*** Opening of Data listing ***
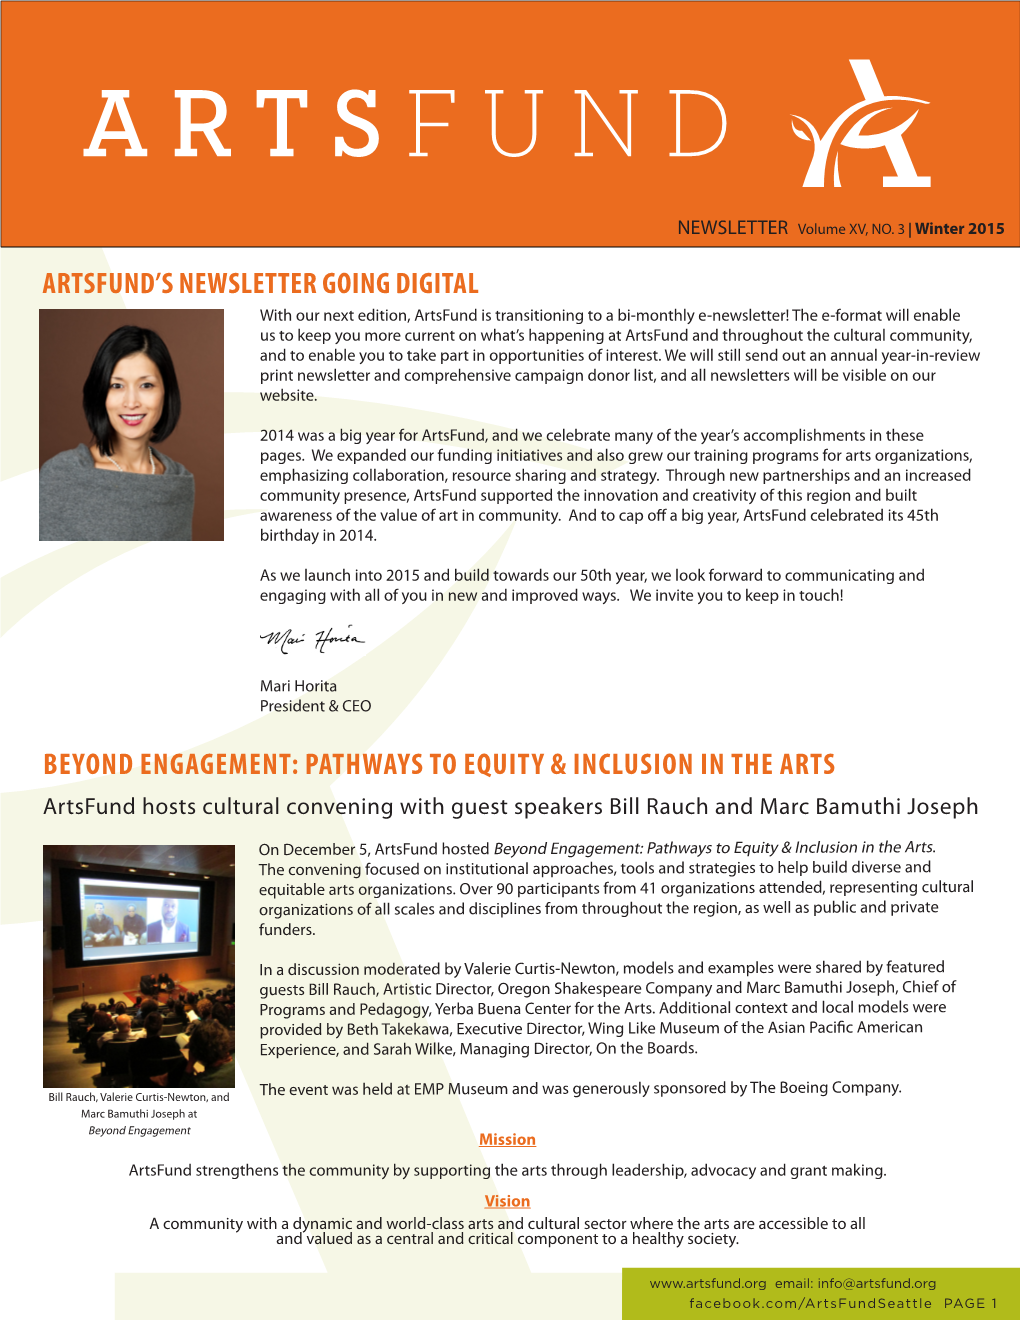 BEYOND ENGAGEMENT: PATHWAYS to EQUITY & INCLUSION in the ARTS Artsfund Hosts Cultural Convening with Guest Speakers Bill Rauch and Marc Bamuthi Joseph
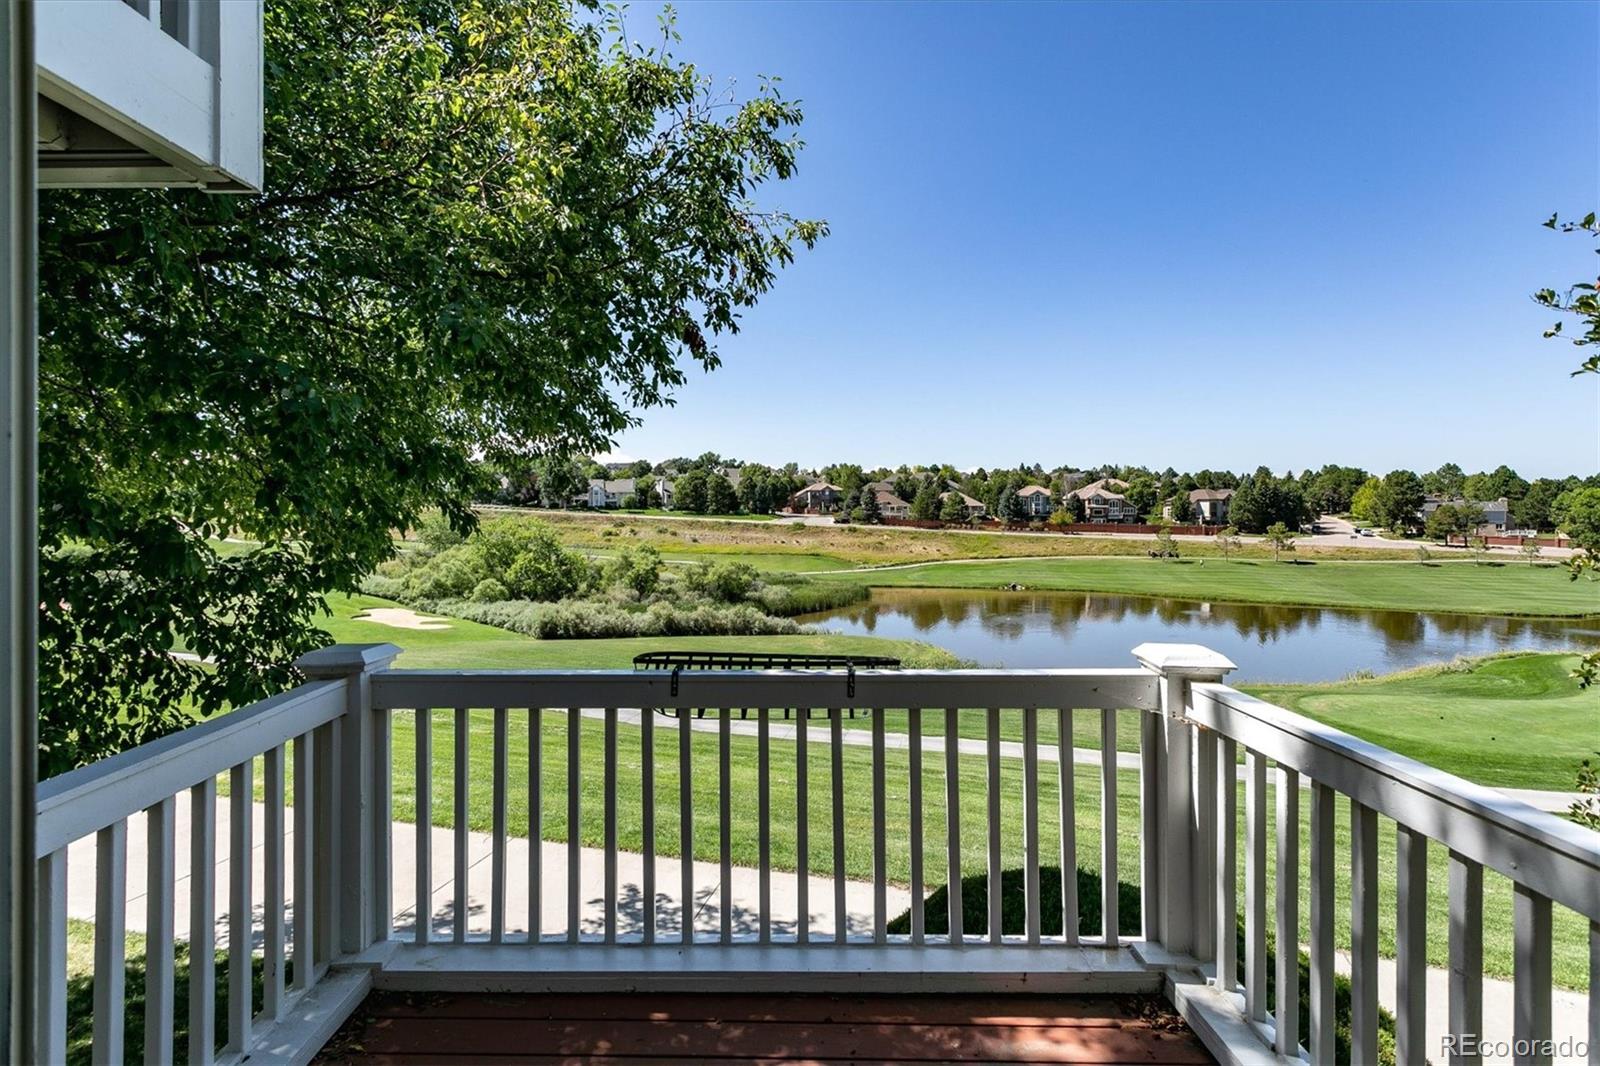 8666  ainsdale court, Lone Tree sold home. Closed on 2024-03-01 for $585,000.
*** Close of Data listing ***
*** Opening of Data listing ***
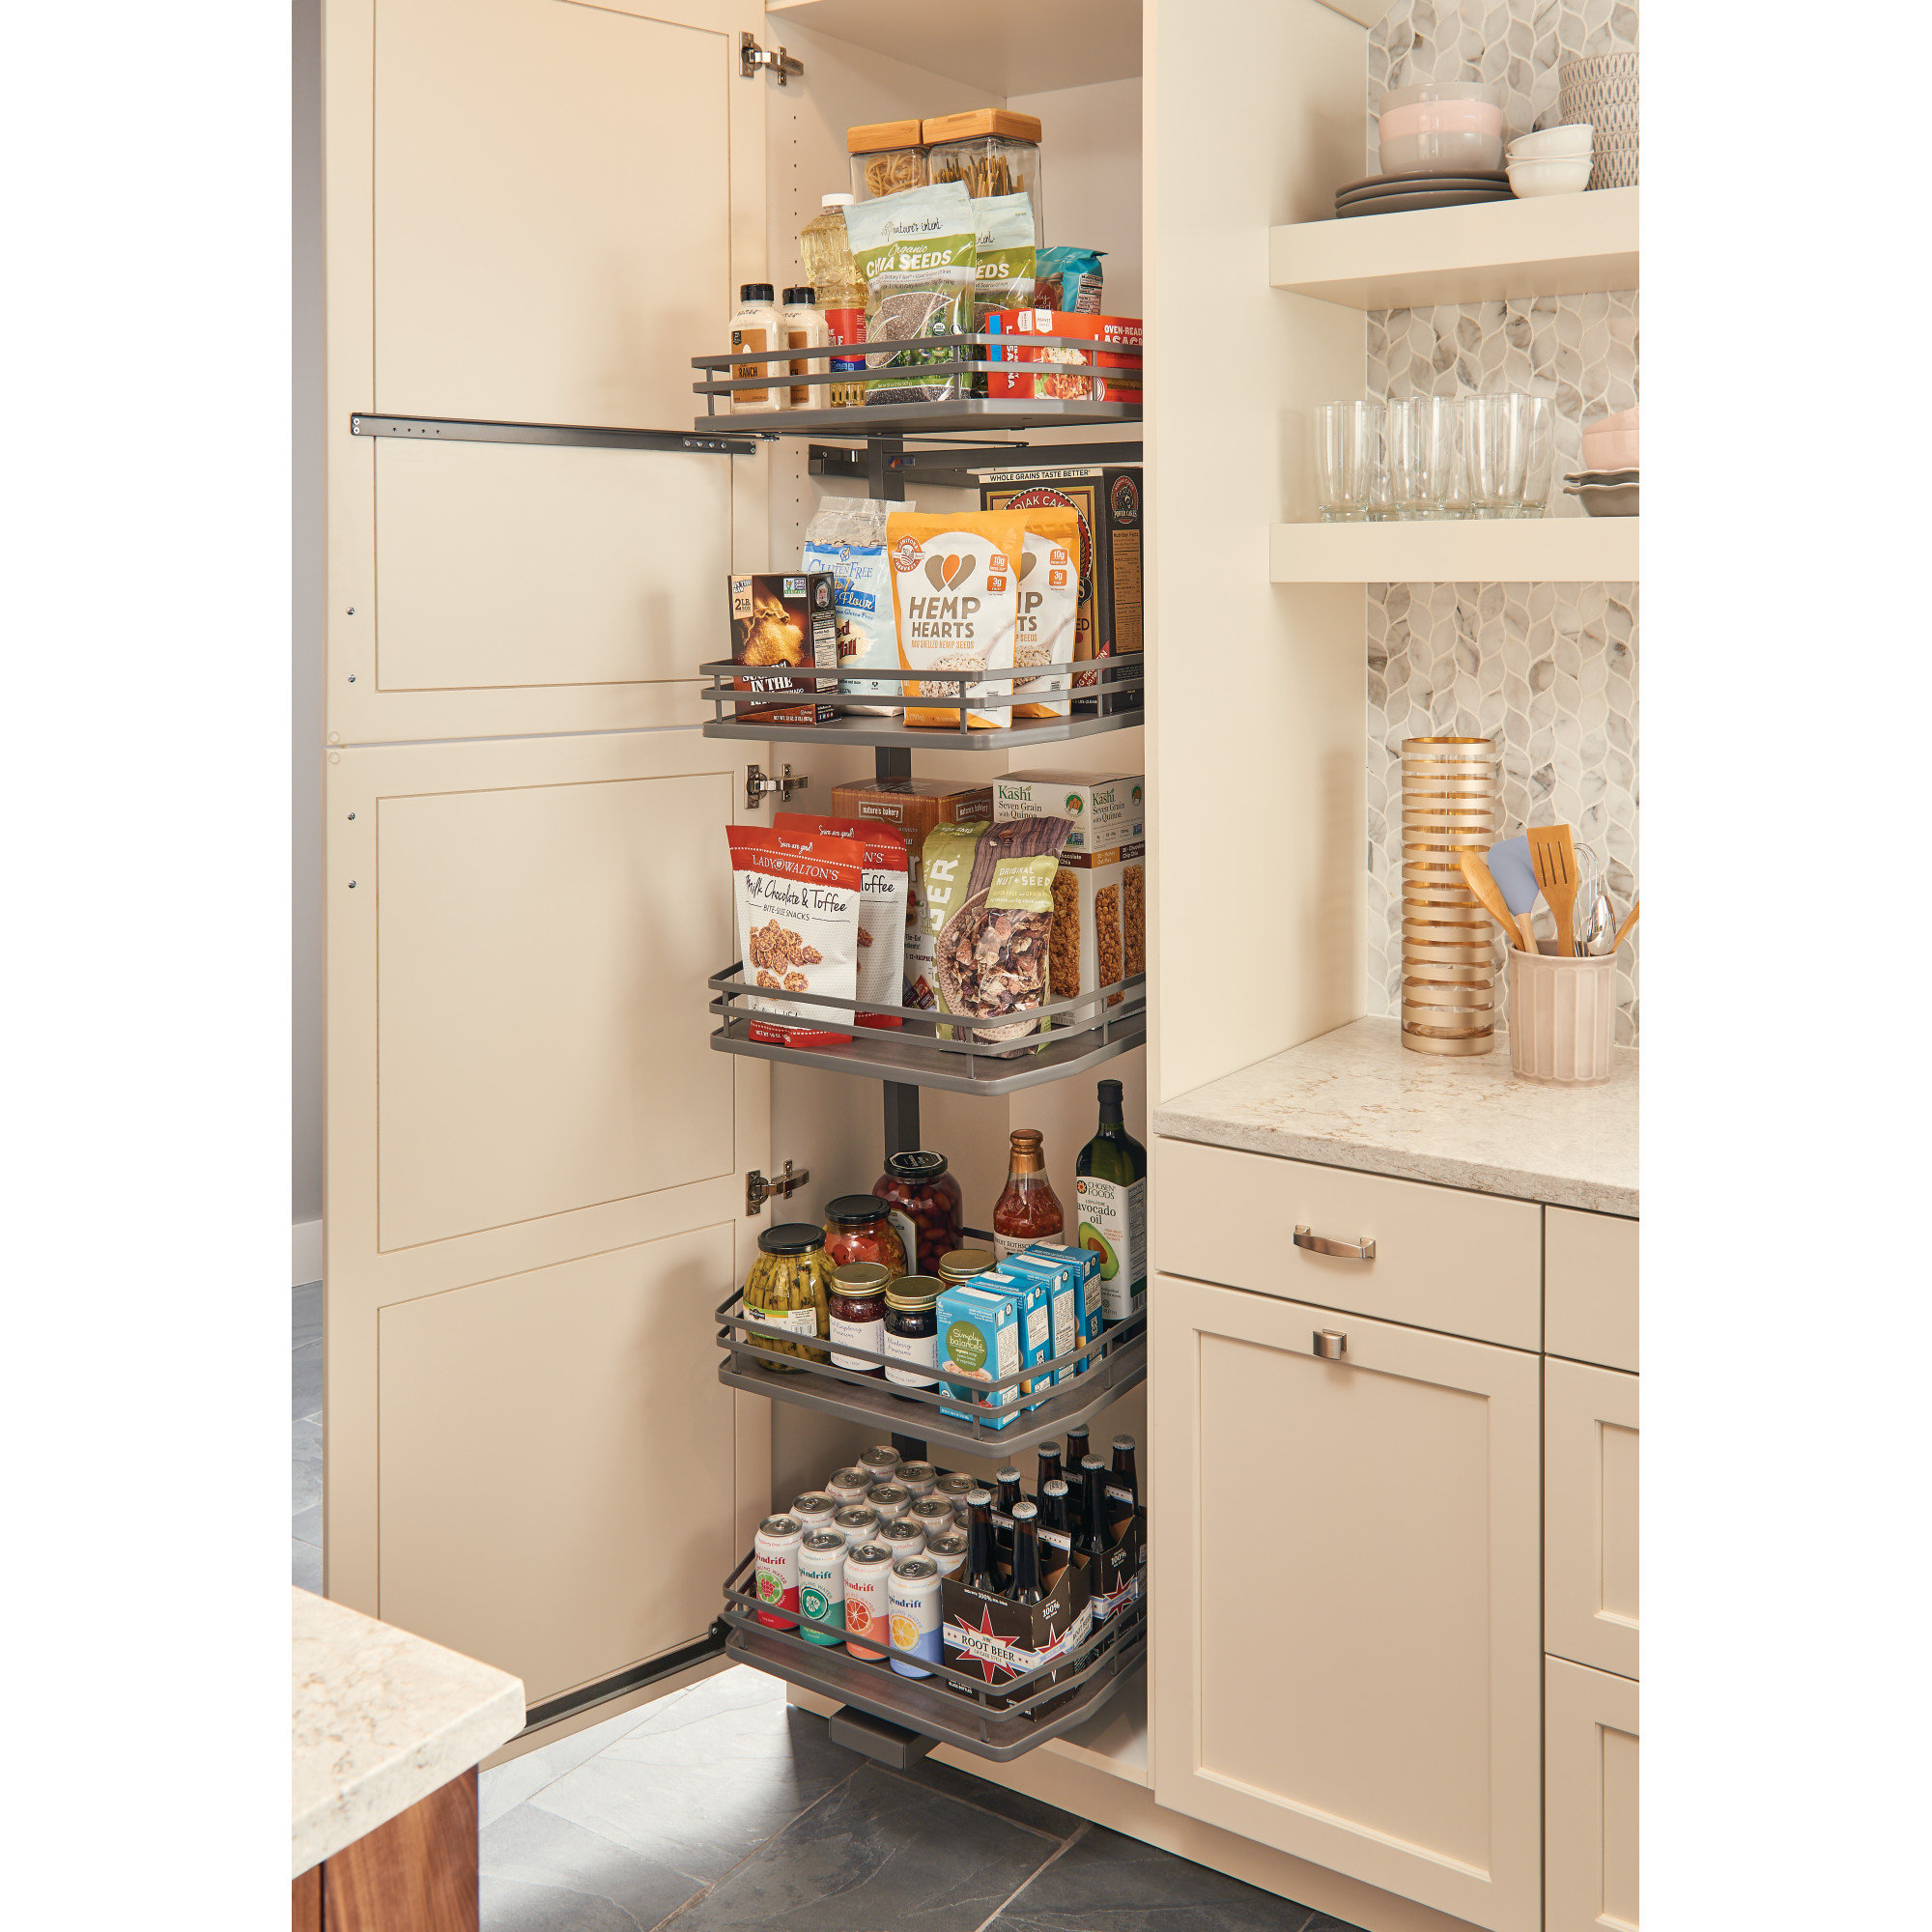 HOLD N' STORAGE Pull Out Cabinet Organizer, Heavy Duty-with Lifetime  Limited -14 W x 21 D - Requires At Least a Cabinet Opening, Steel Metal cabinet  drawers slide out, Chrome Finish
*** Close of Data listing ***
• Task to complete: What are the lines above from the one with "BEYOND ENGAGEMENT: PATHWAYS" to the one with "2024-03-01 for $585,000.", both included? Reproduce them exactly, without pictures.

• Written answer:
 BEYOND ENGAGEMENT: PATHWAYS to EQUITY & INCLUSION in the ARTS Artsfund Hosts Cultural Convening with Guest Speakers Bill Rauch and Marc Bamuthi Joseph
 8666  ainsdale court, Lone Tree sold home. Closed on 2024-03-01 for $585,000.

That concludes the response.